DATA BLOCK>
_ _ _ _ _ _ _

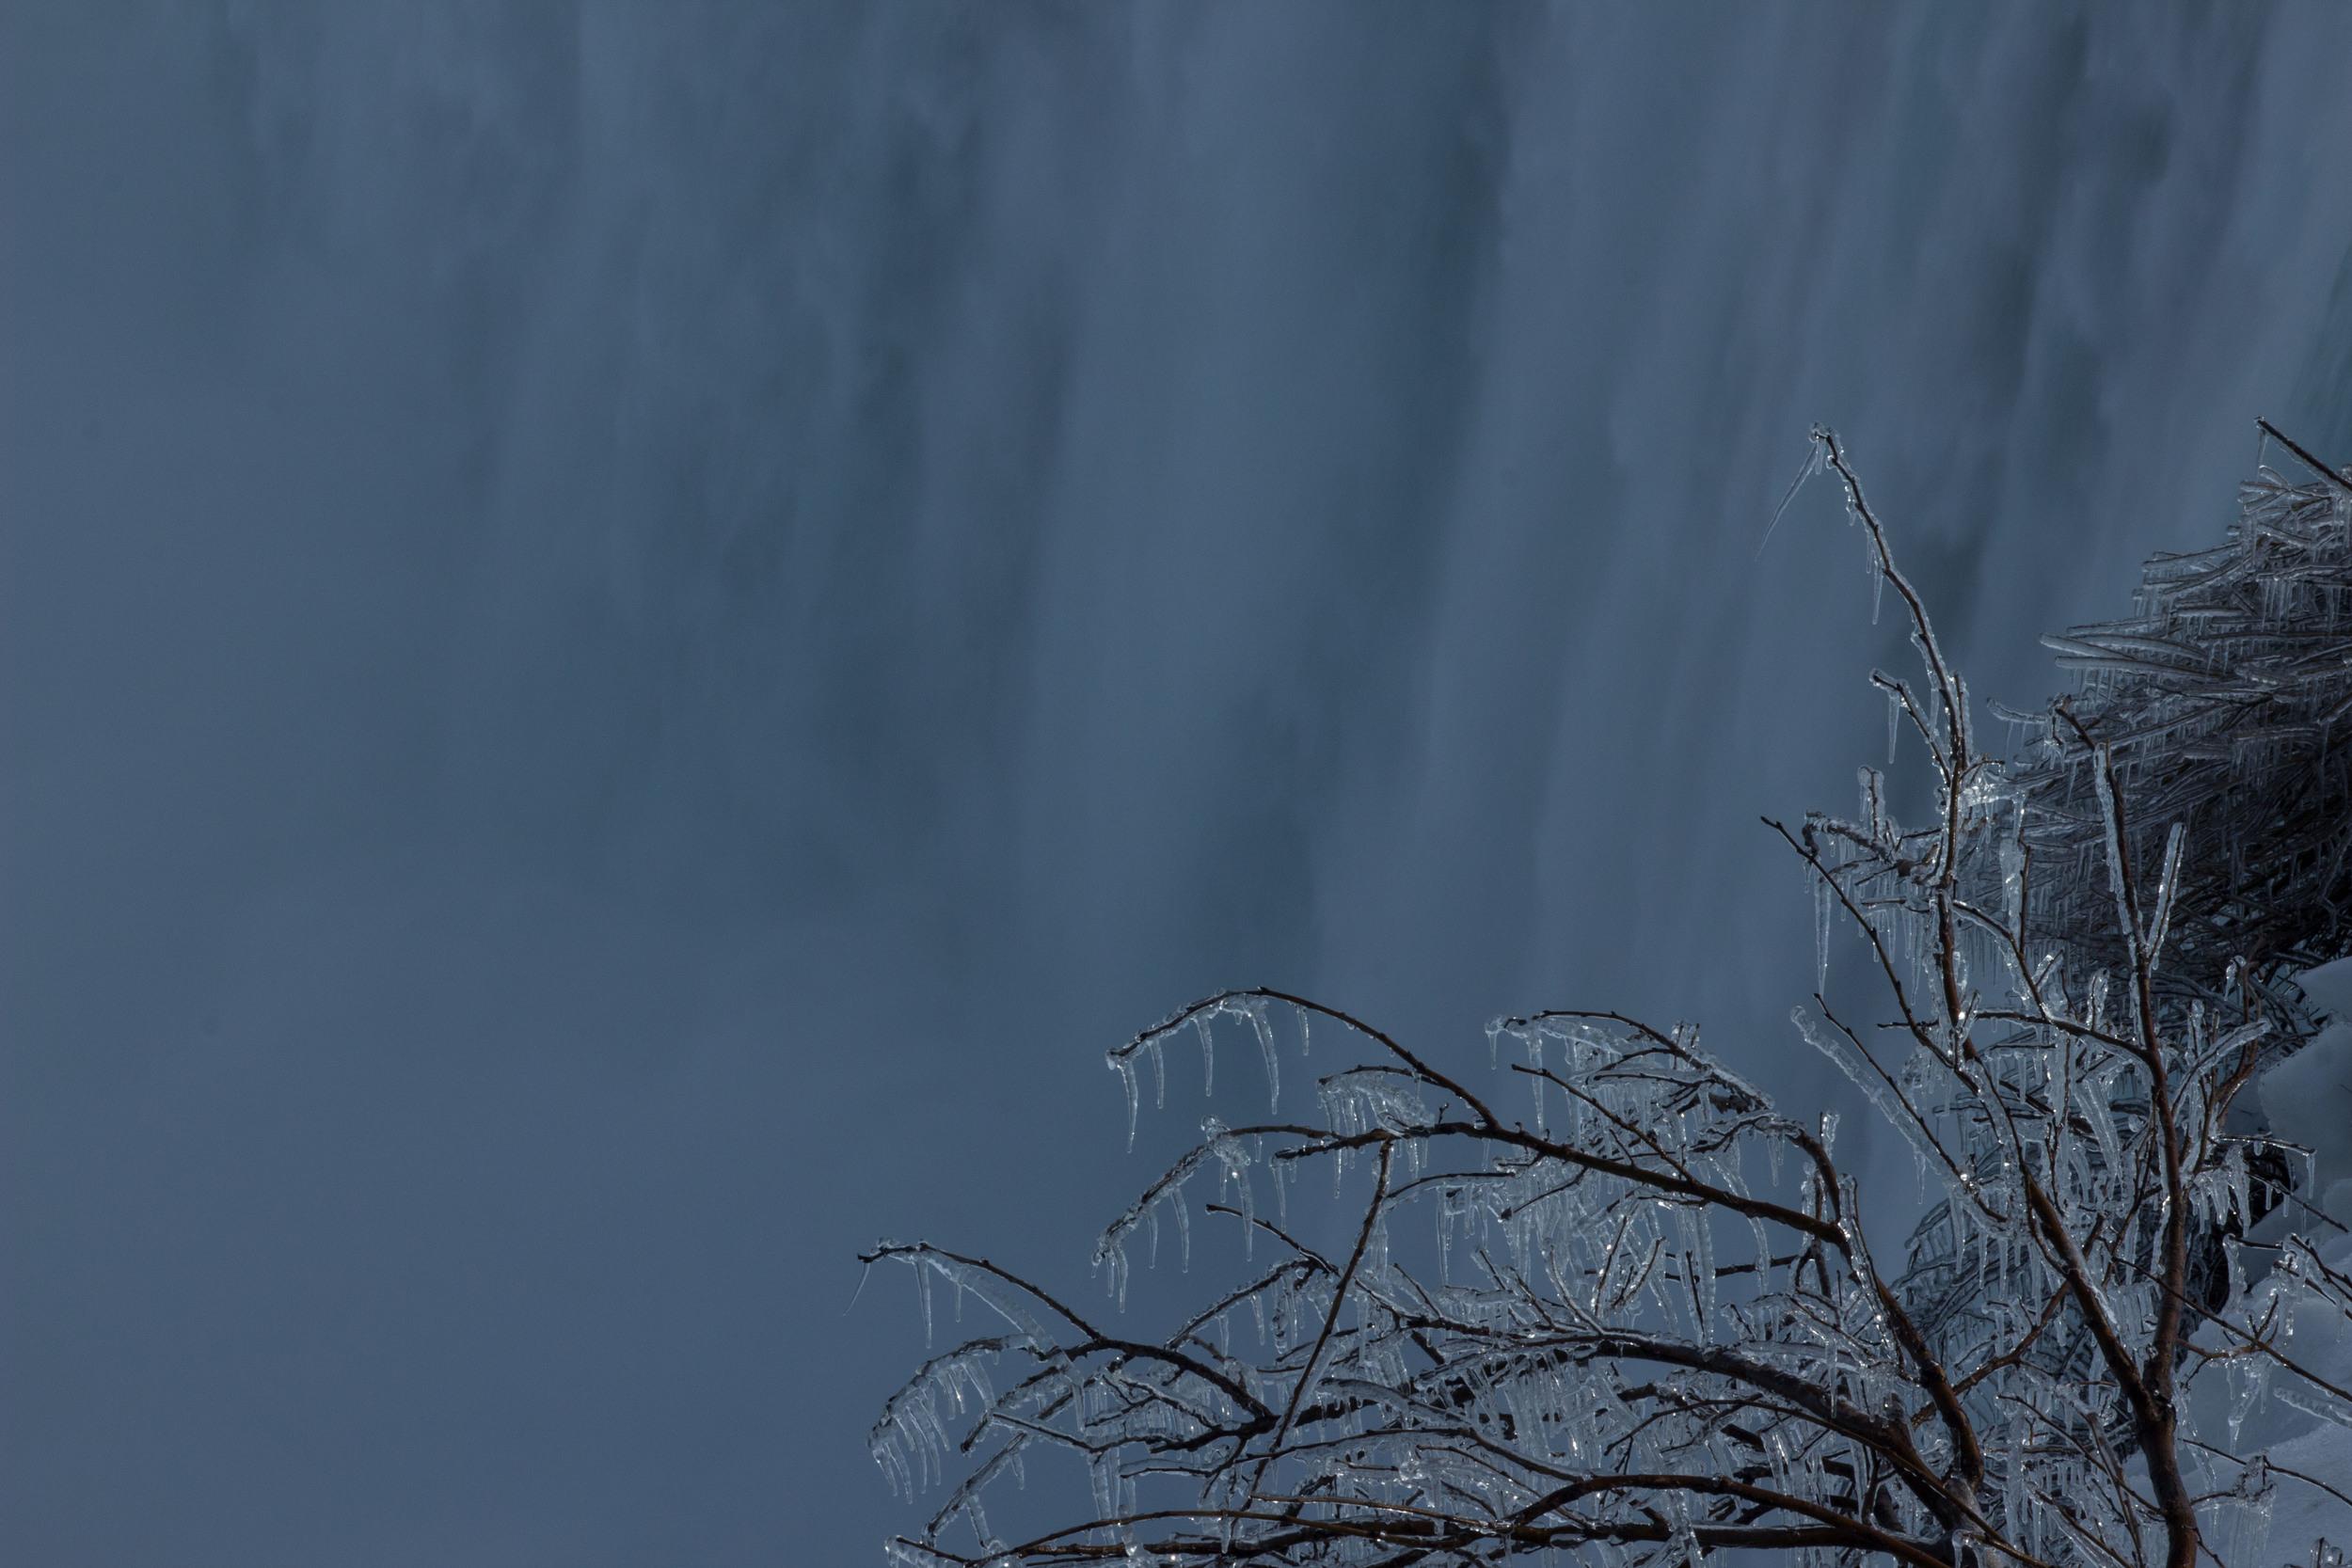 NiagaraFalls_2015_0319_0044.jpg
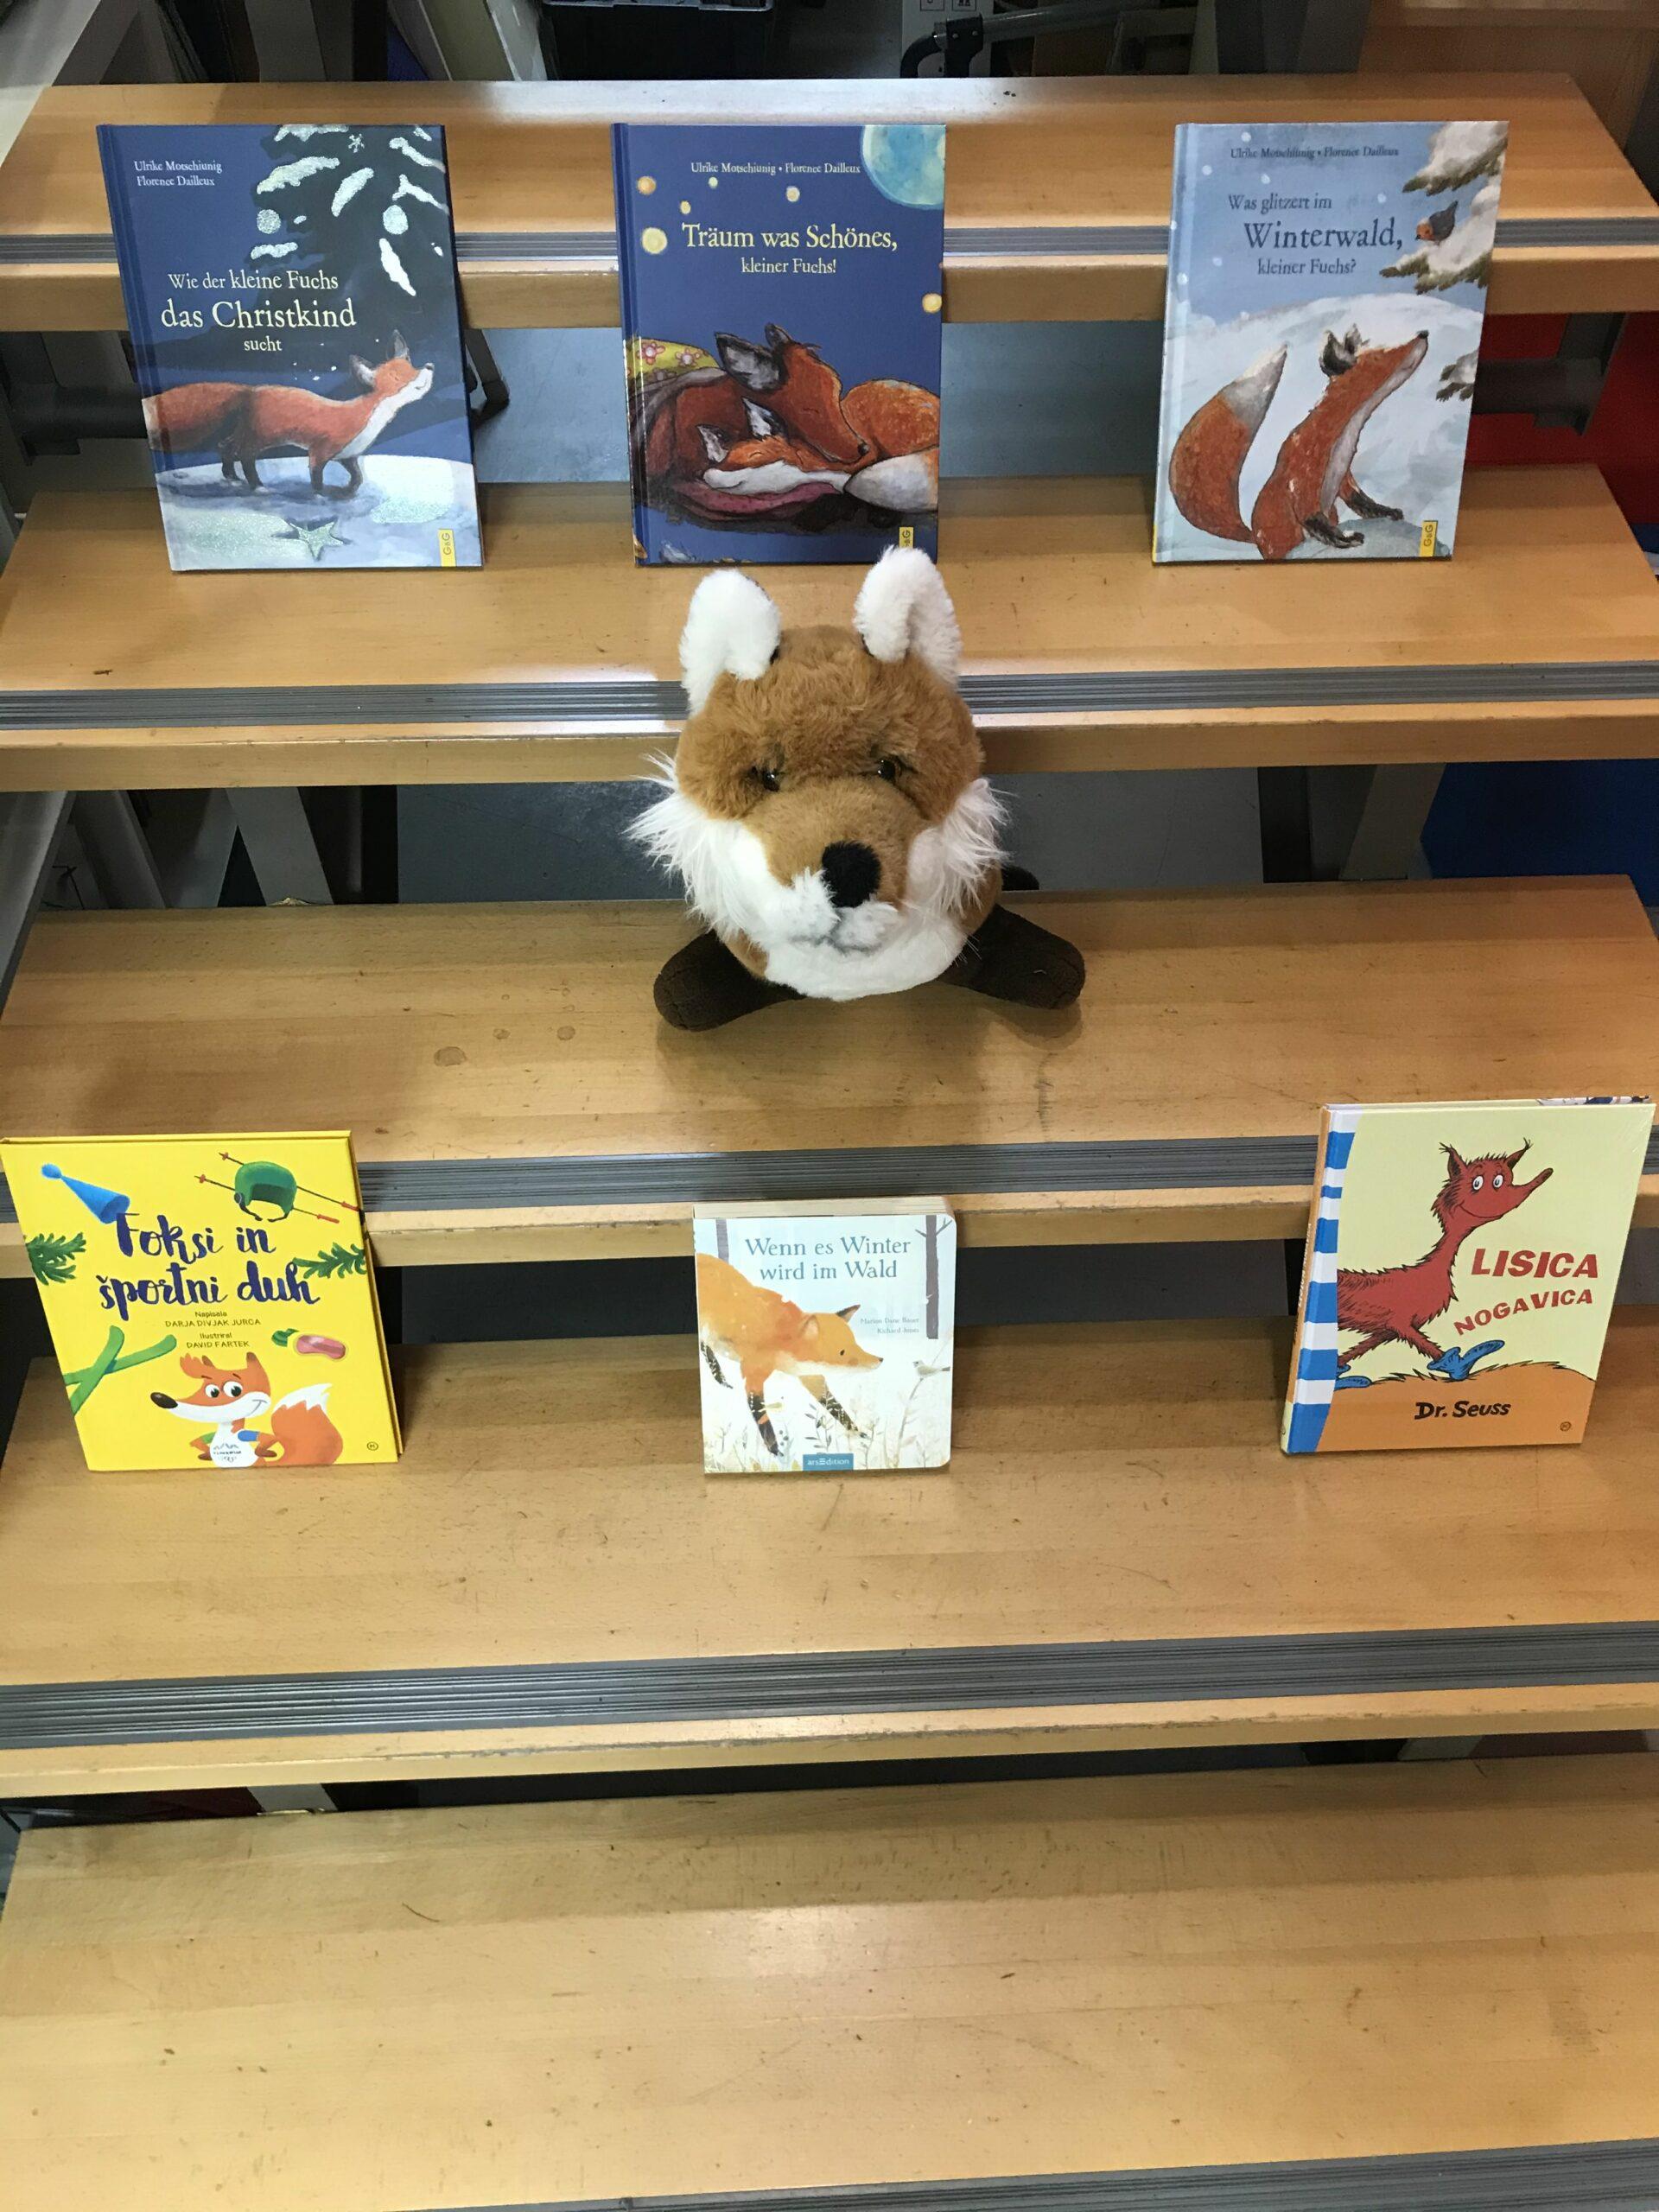 🦊Lisica se je priplazila v knjigarno/ Ein Fuchs hat sich in die Buchhandlung geschlichen🦊
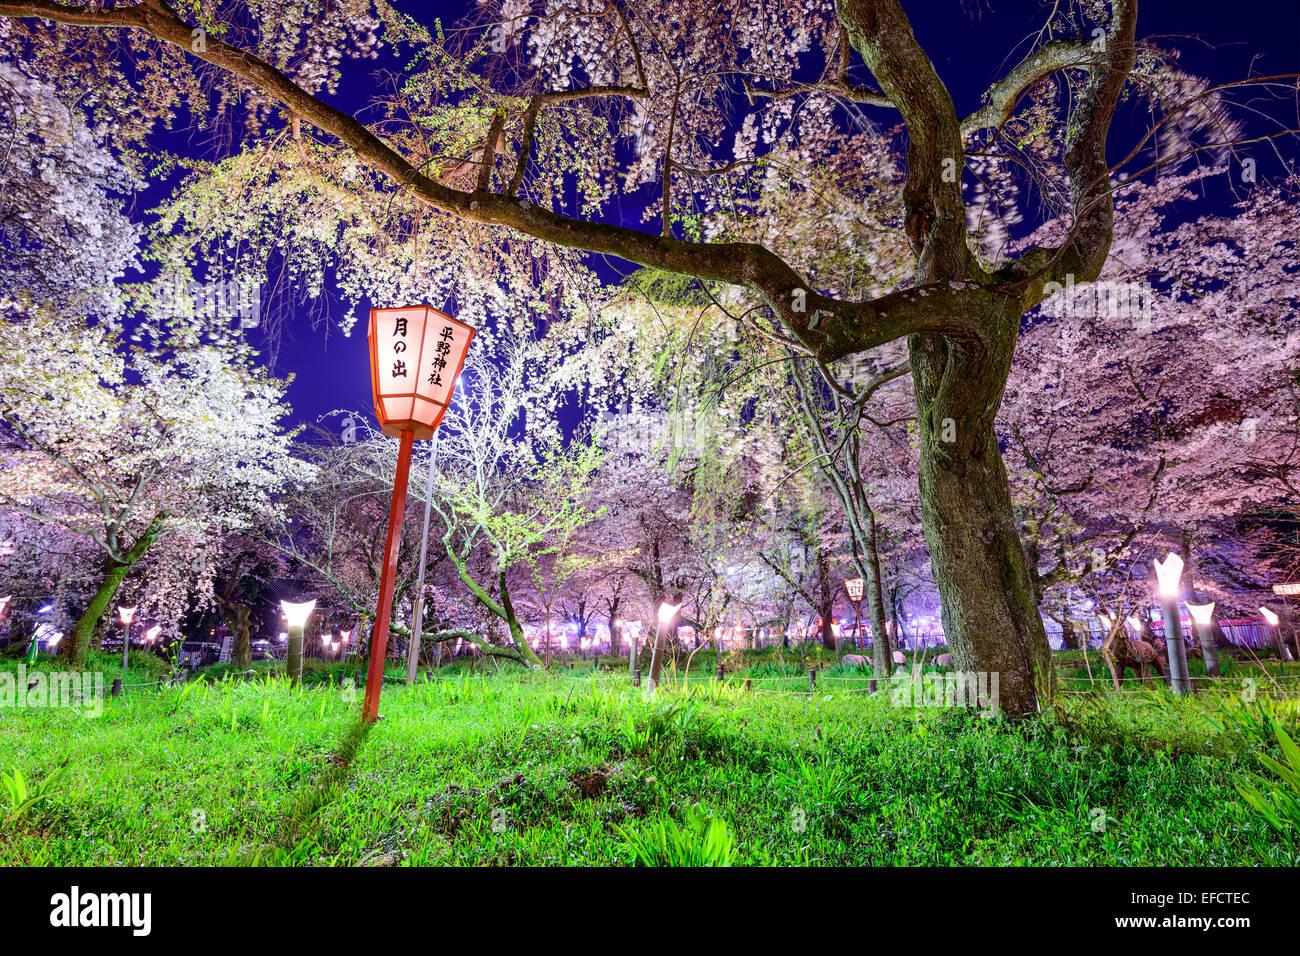 Kyoto, Japón en Hirano templo festival grounds en primavera. La linterna se dice 'Moonrise, Hirano Templo' Imagen De Stock

_ _ _ _ _ _ _

WHAT THE TASK REQUIRES> Reproduce word for word the lines running from the line with "die Buchhandlung geschlichen🦊" through the end of the data, both included, and nothing else; leave out the pictures.

REPLY TO THE TASK>
 🦊Lisica se je priplazila v knjigarno/ Ein Fuchs hat sich in die Buchhandlung geschlichen🦊
 Kyoto, Japón en Hirano templo festival grounds en primavera. La linterna se dice 'Moonrise, Hirano Templo' Imagen De Stock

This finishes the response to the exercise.